14. Лишь только они переступили порог, и вот уже двери встают в прежнее положение как ни в чем не бывало, петли опять заходили, брусья запоров снова вошли в косяки, задвижки вернулись на свои места. Я же как был, так и остался на полу простертый, бездыханный, голый, иззябший, залитый мочой, словно только что появившийся из материнского чрева или, вернее, полумертвый, переживший самого себя, как последыш или по крайней мере преступник, для которого уже готов крест.
— Что будет со мною, — произнес я, — когда утром обнаружится этот зарезанный? Кто найдет мои слова правдоподобными, хоть я и буду говорить правду? «Звал бы, скажут, на помощь, по крайней мере, если ты, такой здоровенный малый, не мог справиться с женщиной! На твоих глазах режут человека, а ты молчишь! Почему же сам ты не погиб при таком разбое? Почему свирепая жестокость пощадила свидетеля преступления и доносчика? Но хотя ты и избег смерти, теперь к товарищу присоединишься».
Подобные мысли снова и снова приходили мне в голову; а ночь близилась к утру. Наилучшим мне показалось до свету выбраться тайком и пуститься в путь, хотя бы ощупью. Беру свою сумку и, вставив в скважину ключ, стараюсь отодвинуть задвижку.
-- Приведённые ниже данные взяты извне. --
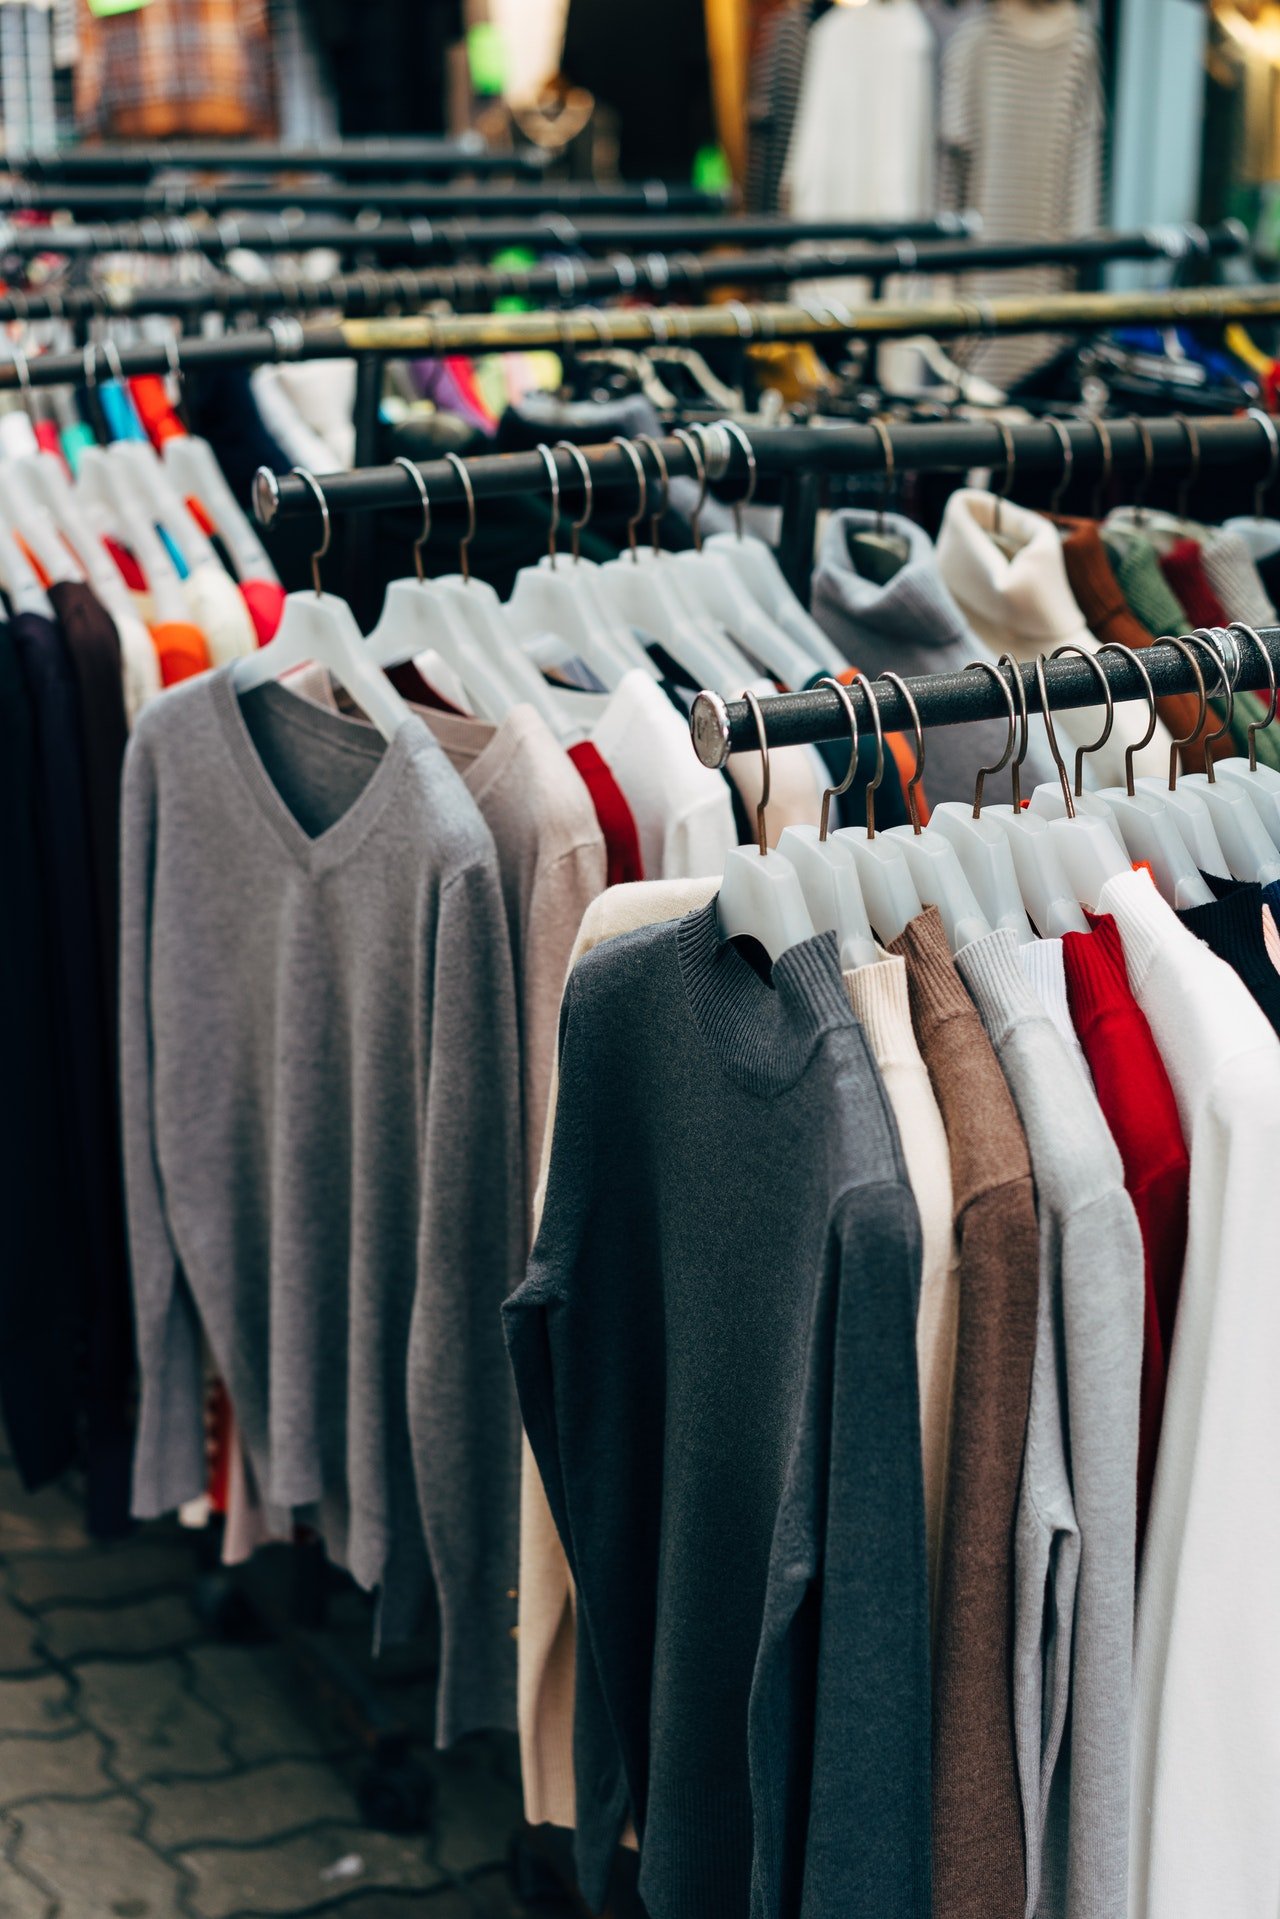 Pullover hängen an Kleiderständern | Quelle: Pexels

Но эти добрые и верные двери, что ночью сами собою раскрывались, только после долгой возни с ключом насилу под конец дали мне дорогу.
15. Я закричал:
— Эй, есть тут кто? Откройте мне калитку; до свету хочу выйти!
Привратник, позади калитки на земле спавший, говорит спросонья:
— Разве ты не знаешь, что на дорогах неспокойно — разбойники попадаются! Как же ты так ночью в путь пускаешься? Если у тебя такое преступление на совести, что ты умереть хочешь, так у нас-то головы не тыквы, чтобы из-за тебя умирать!
— Недолго, — говорю, — до света. К тому же что могут отнять разбойники у такого нищего путника? Разве ты, дурак, не знаешь, что голого раздеть десяти силачами не удастся?
На это он, засыпая и повернувшись на другой бок, еле языком ворочая, отвечает:
— Почем я знаю, может быть, ты зарезал своего товарища, с которым вчера вечером пришел на ночлег, и думаешь спастись бегством?